BSkyB est détenue à 39% par le groupe de presse américain News Corp dirigé par Rupert Murdoch. Celui-ci vient de quitter la présidence de BSkyB, où il est remplacé par son fils cadet James, 35 ans, qui était directeur général du bouquet satellitaire au moment de l'achat de la part d'ITV. Outre les 8,1 millions d'abonnés à BSkyB, News Corp a également la haute main au Royaume-Uni sur les quotidiens les plus lus dans les deux principaux segments, le Times et le Sun.

James Murdoch est vu comme le plus probable successeur de son père à la tête de l'empire News Corp, puisqu'il vient aussi de prendre la direction des opérations européennes et asiatiques, mais l'affaire ITV ne sera sans doute pas à mettre à son crédit, puisque l'action ITV vaut 40% de moins actuellement que le prix auquel il l'a achetée, soit une moins-value potentielle d'environ 350 millions de livres.

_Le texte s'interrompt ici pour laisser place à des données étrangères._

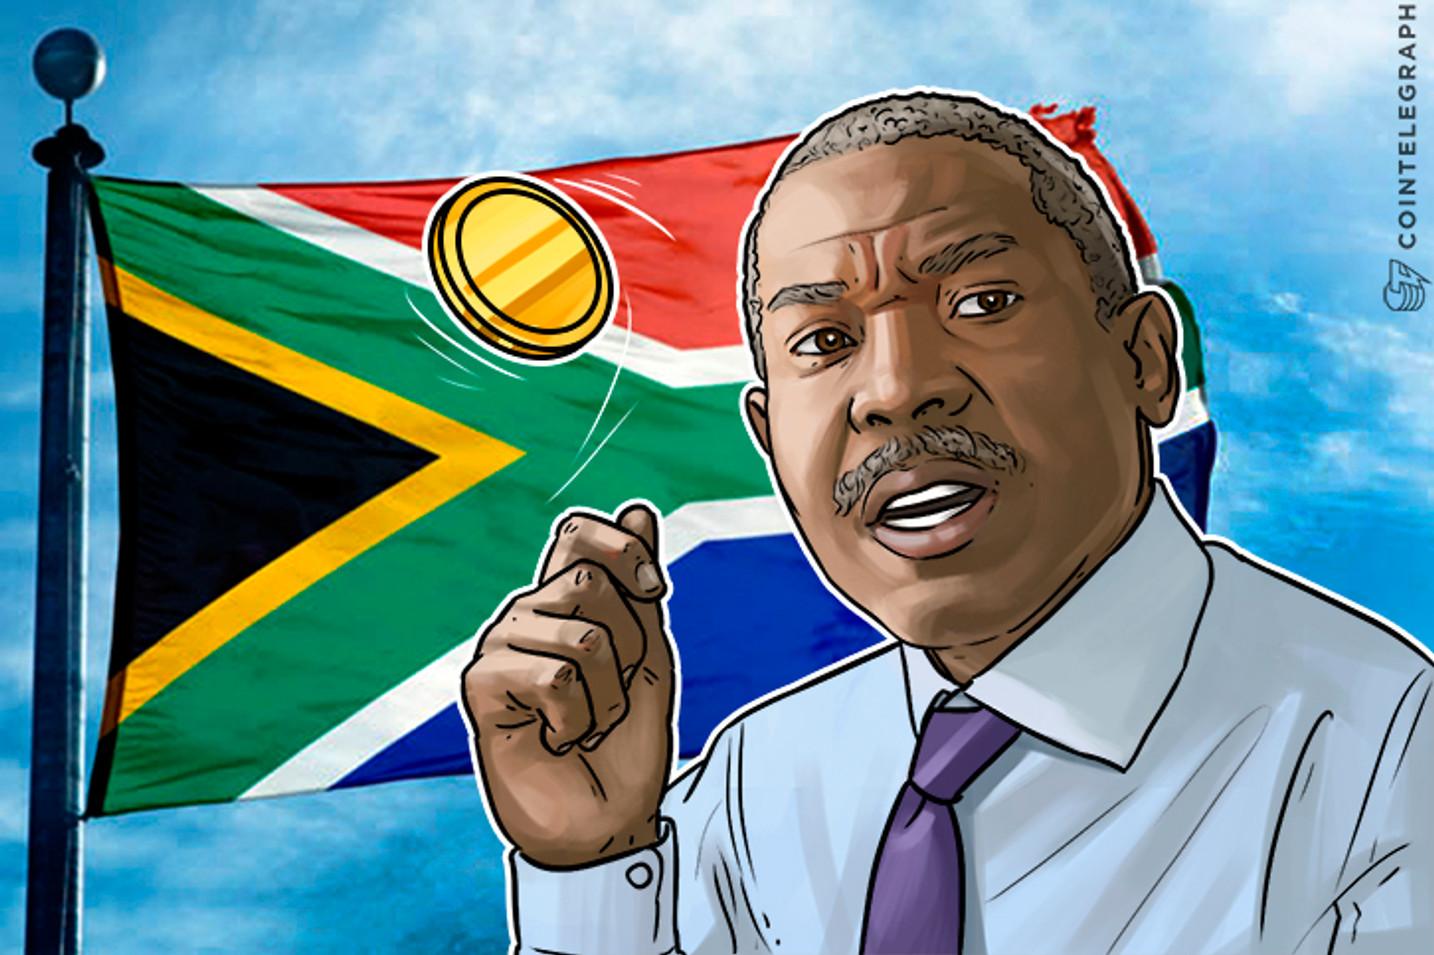 Se le pone arriesgado al banco central sudafricano repartir el Bitcoin

Jeudi matin, le cours d'ITV montait un peu, le marché espérant voir revenir de nouveaux acheteurs pour un groupe qui se verrait en partie délesté de son encombrant actionnaire. Pour Martin Slaney, qui voit la recommandation de la Commission comme "un coup stratégique contre BSkyB", celle-ci "rouvre la porte pour Virgin Media et d'autres acheteurs potentiels". Amanda Purton, de Barclays Wealth, juge cependant que "Virgin a déjà beaucoup à faire et qu'il est difficile pour les entreprises de trouver des financements", notamment celles de media.

ITV s'est "réjouie" du rapport de la Commission. BSkyB, qui a un fort poids politique au Royaume-Uni, n'a cependant pas dit son dernier mot. Un porte-parole a indiqué que le groupe "étudiait avec attention" le texte, notant que "la prochaine phase est celle du ministère" auquel "il présentera son dossier en temps opportun".